The Securities and Exchange Board of India (SEBI) has asked mutual fund houses not to participate in pre-IPO placements. This move is taken to protect retail investors and ensure regulatory compliance.
SEBI issued a letter to the Association of Mutual Funds in India (AMFI) on Friday, which was also reviewed by The Economic Times, stating, mutual fund houses can no longer acquire equity shares before their initial public offering. However, they would be allowed to invest in IPOs through the anchor investor portion (that which opens a day before the public issue date) or as a part of the public issue itself.
According to The Economic Times, SEBI cited Clause 11 of the Seventh Schedule of the SEBI (Mutual Funds) Regulations, 1996, which says that “All investments by mutual fund schemes in equity shares and equity-related instruments must be made only in securities that are listed or to be listed.”
This prohibition would ensure that mutual fund unit holders would not be able to get a view of the liquidity and valuation risks of unlisted securities.
Impact on fund houses and the market
This decision by the market regulatory body (SEBI) has shaken the grounds of the asset management industry. Previously, some fund managers applied the strategy of getting the benefit of the pre-IPO placements to generate excess returns. They often booked humongous gains for their scheme by stepping in at a discounted valuation before the public offering.
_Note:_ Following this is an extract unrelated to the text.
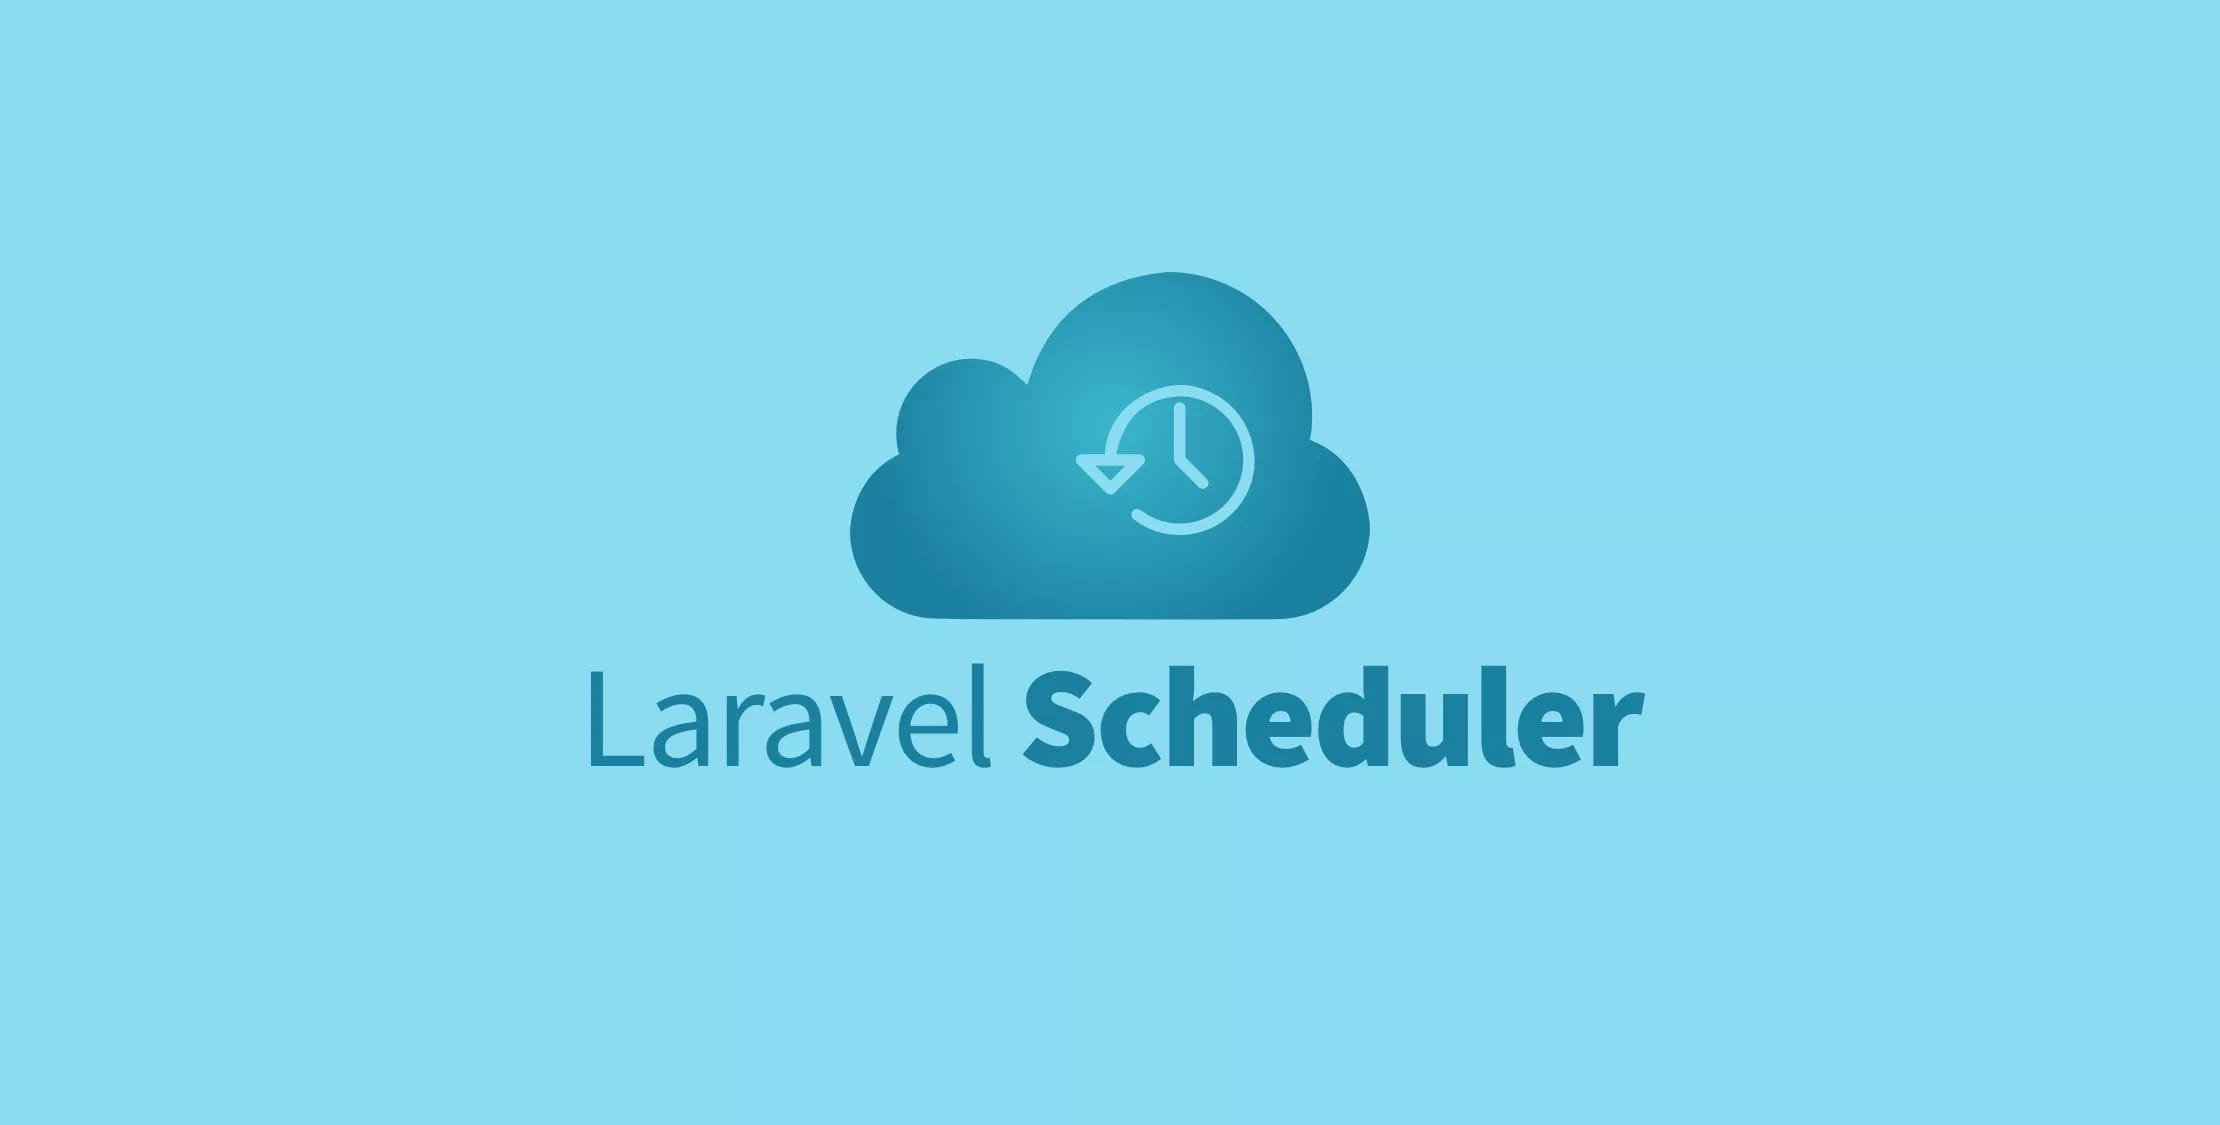 laravel使用scheduler实现计划任务

SEBI’s initial concern is the risk that is involved with IPOs, which may be delayed or cancelled. Pre-IPO placements happen months before a company files its draft prospectus. The market regulator announced that if an initial public offering fails to materialise after a mutual fund has already invested, then the fund scheme will end up holding unlisted shares.
This move taken by SEBI is being viewed as an important step to strengthen investor protection and ensure that mutual funds that manage public money align with their mandate of investing in liquid, listed securities.